Panel A.09 — Popular and non-formal education in the fight against educational inequalities

Convenors Fiorenzo Parziale (Sapienza, Italy)

Keywords Popular education, Non-formal education, Educational inequalities, Neoliberalism, Third Sector

 

The neoliberal regulation of the economy has caused the “territorialization of public policies” (Brenner 2009; Sassen 2007; Bifulco 2009), opening spaces of convergence between the school system and the social actors that animate the different local communities.

This panel is interested in research contributions that examine the type of relationship existing between public schools and actors dedicated to non-formal education aimed at combating school dropout and in particular educational inequalities between social classes.

In this regard, in countries like Italy there has been a rebirth of the so-called “popular schools” in the last fifteen years, which try to recover the tradition of critical pedagogy of authors such as Lorenzo Milani, Mario Lodi, and many others educators (Zizioli 2023).

This type of experience leads us to question the possible political alliances that today’s popular educators manage to build with those teachers more oriented towards strengthening the universalism of public schools.

Despite the critical political matrix, the risk, however, is that educators from popular schools and teachers compete or even give rise to relationships that support neoliberal governance (Moini 2012), and therefore the privatization induced by the more general managerial reform of education (Ball 2021; English, Mayo 2021).

In fact, the managerial reform of education is increasing the bureaucratic activities of schools, intensifying the work pace of teachers who have less time available to dedicate themselves to teaching activities and in particular to supporting the most disadvantaged students (Thompson, Cook 2017).

Furthermore, support for disadvantaged students could be further discouraged by the managerial organization of the school, forced to satisfy the request of middle-class families not to lower the pace of learning in the classroom.

In this scenario, schools are thus led to design a tailor-made education for the middle class (Mayo 2015) to the detriment of the emancipation of the lower classes (Apple 2011, 2013). Therefore, teachers could delegate their democratic function of combating scholastic inequalities to the social actors who are engaged in this sense in the local community.

This type of sociological analysis can be extended to other experiences of popular education, from those existing since the 1960s in Brazil (Leher, Vittoria 2015) and in other areas mostly in the South of the world (Mayo, Vittoria 2017), up to the various forms of non-formal education expressed by the varied world of the Third Sector.

We therefore welcome abstracts that from different sociological perspectives (sociology of welfare, cultural sociology, sociology of education), and also in an interdisciplinary key, are aimed at analyzing all those experiences corresponding or similar to Italian popular schools, present in various countries and aimed at combating educational inequalities.
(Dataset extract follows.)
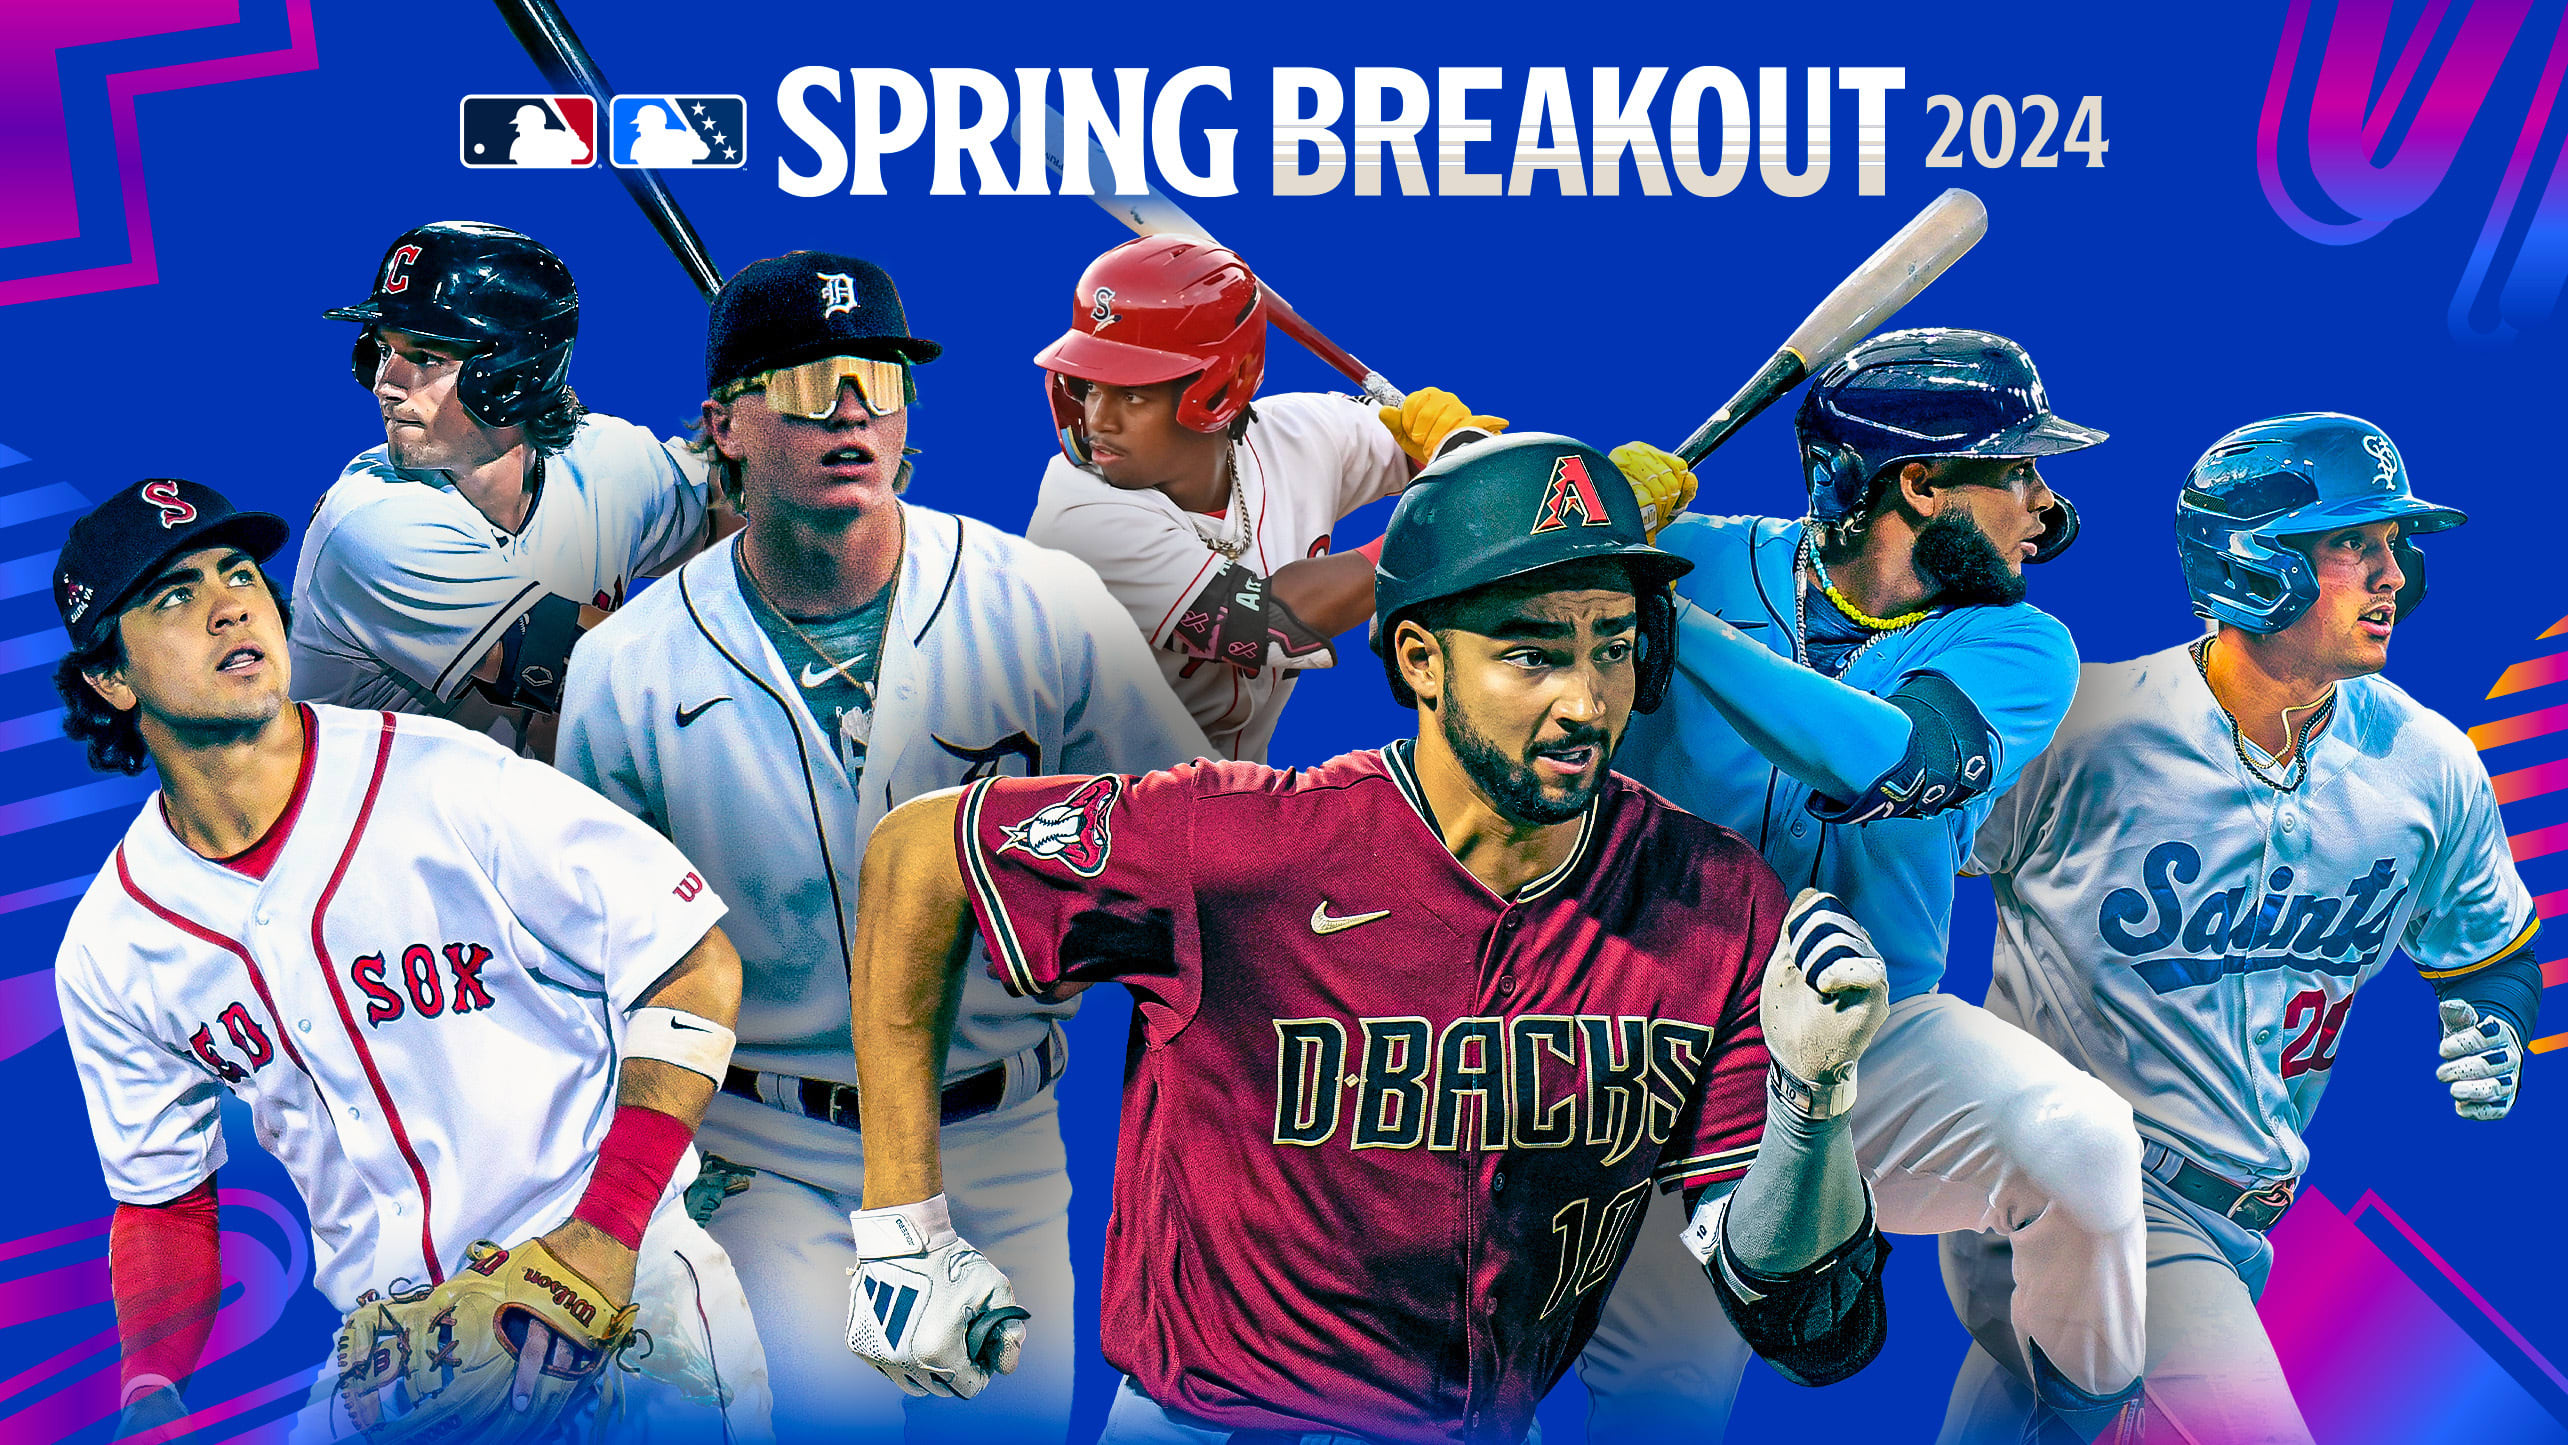 More than a dozen top prospects are set to take the field today in Spring Breakout

The aim of this panel is to identify several case studies addressed to understanding whether popular, and more generally non-formal, education can support a more universalist school or is instead an instrument of neoliberal governance. The panel is also interested in those studies that focus on the type of alliance – existing or possible – between the social actors engaged in these non-formal educational activities and school teachers.